Penned by Wall Street wags tired of his trade war pump-and-dump behavior, the so-called Masters of the Universe finally understand that Trump’s trade war is like Trump himself: stochastic boasting, deep-vein chaos, juvenile bluster backed up by … nothing.

It’s short, sharp, silly on its face — but beneath that shell is a devastating payload. Like so many things with Trump, the humor strikes a deeper, raw nerve. The insult enrages him not because it’s the cruelest or cleverest, but because it’s the most diminishing. And Donald Trump cannot survive being made small.

You could see it today when a reporter asked him about it — his slow, bovine mind registering the insult gradually, but deeply. His snippish responses belied his rage. As an anthropologist of this hideous creature, one of my perverse delights is watching him try to hide that rage as his spun-sugar ego takes a hit. Having delivered many such hits myself, I like to call it an allowable cruelty.

At the core of Trump’s psychological infrastructure is a pathological obsession with dominance. His entire public persona is built like one of his gimcrack Atlantic City casinos: gaudy gold trim, carpet the color of a three-day bruise, faux marble, and fake tits in abundance.

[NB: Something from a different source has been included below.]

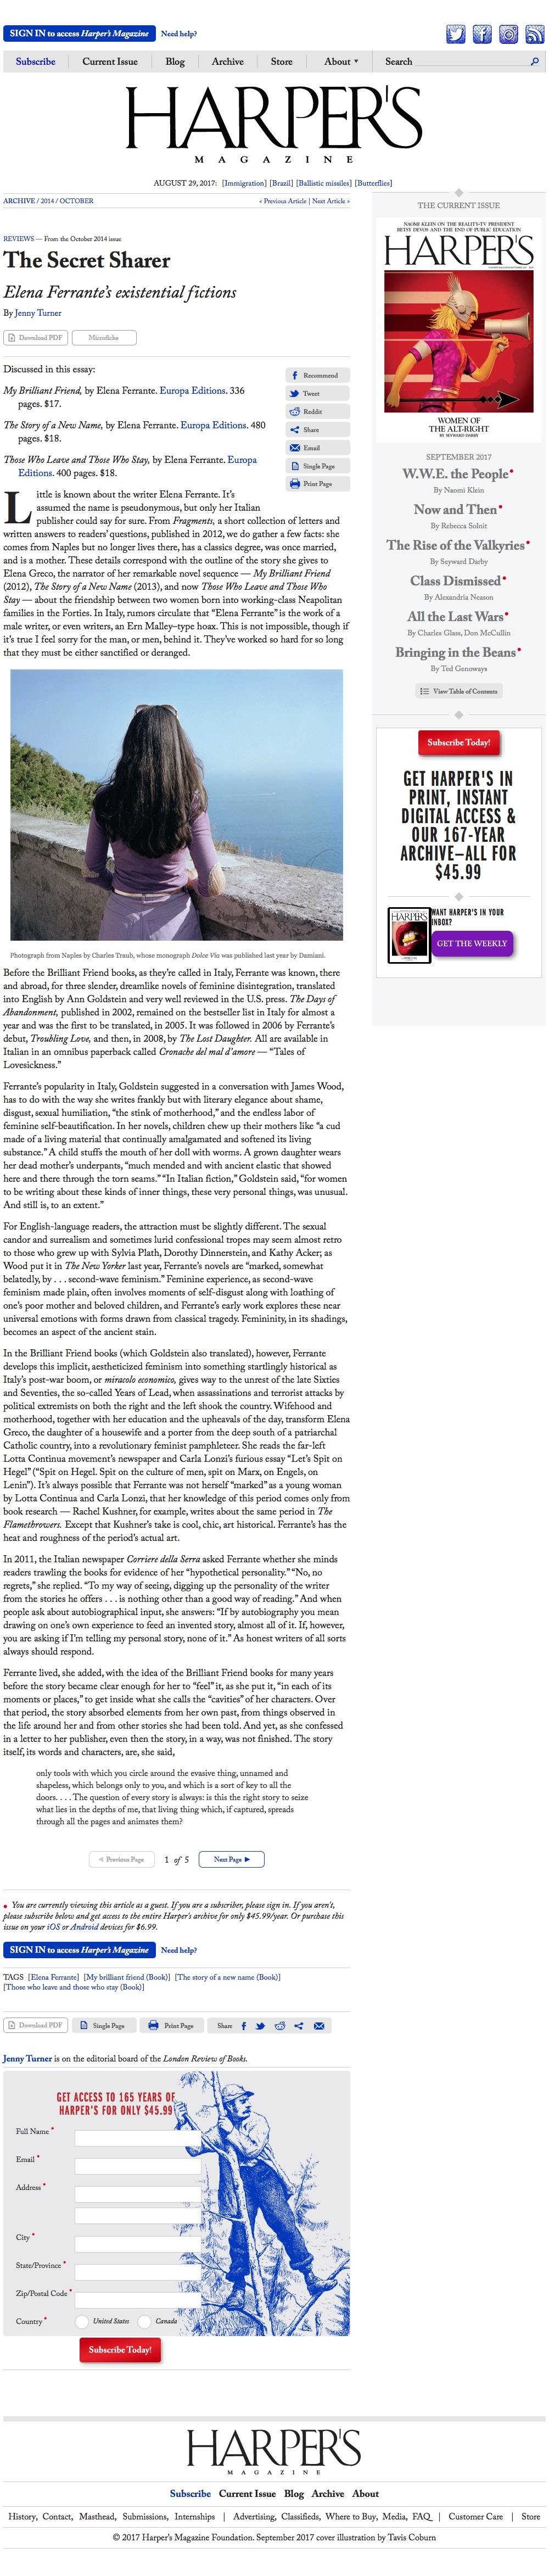 20141015 - Dolce Via mention - Harper's magazine[Reviews] | The Secret Sharer, by Jenny Turner | Harper's Magazine (2017-08-29 14-02-49).jpg

The constant hum and ding of slot machines promising WINNING. He doesn’t merely want to be respected.

He wants to be feared, idolized, mythologized. Anything less is a personal affront. To be called “TACO” — a word that evokes, not unfairly, both the reality of his utterly botched trade war fiasco and something messy, cheap, handheld, and delightfully common — is to jab a shiv directly into the myth of Trump the Colossus.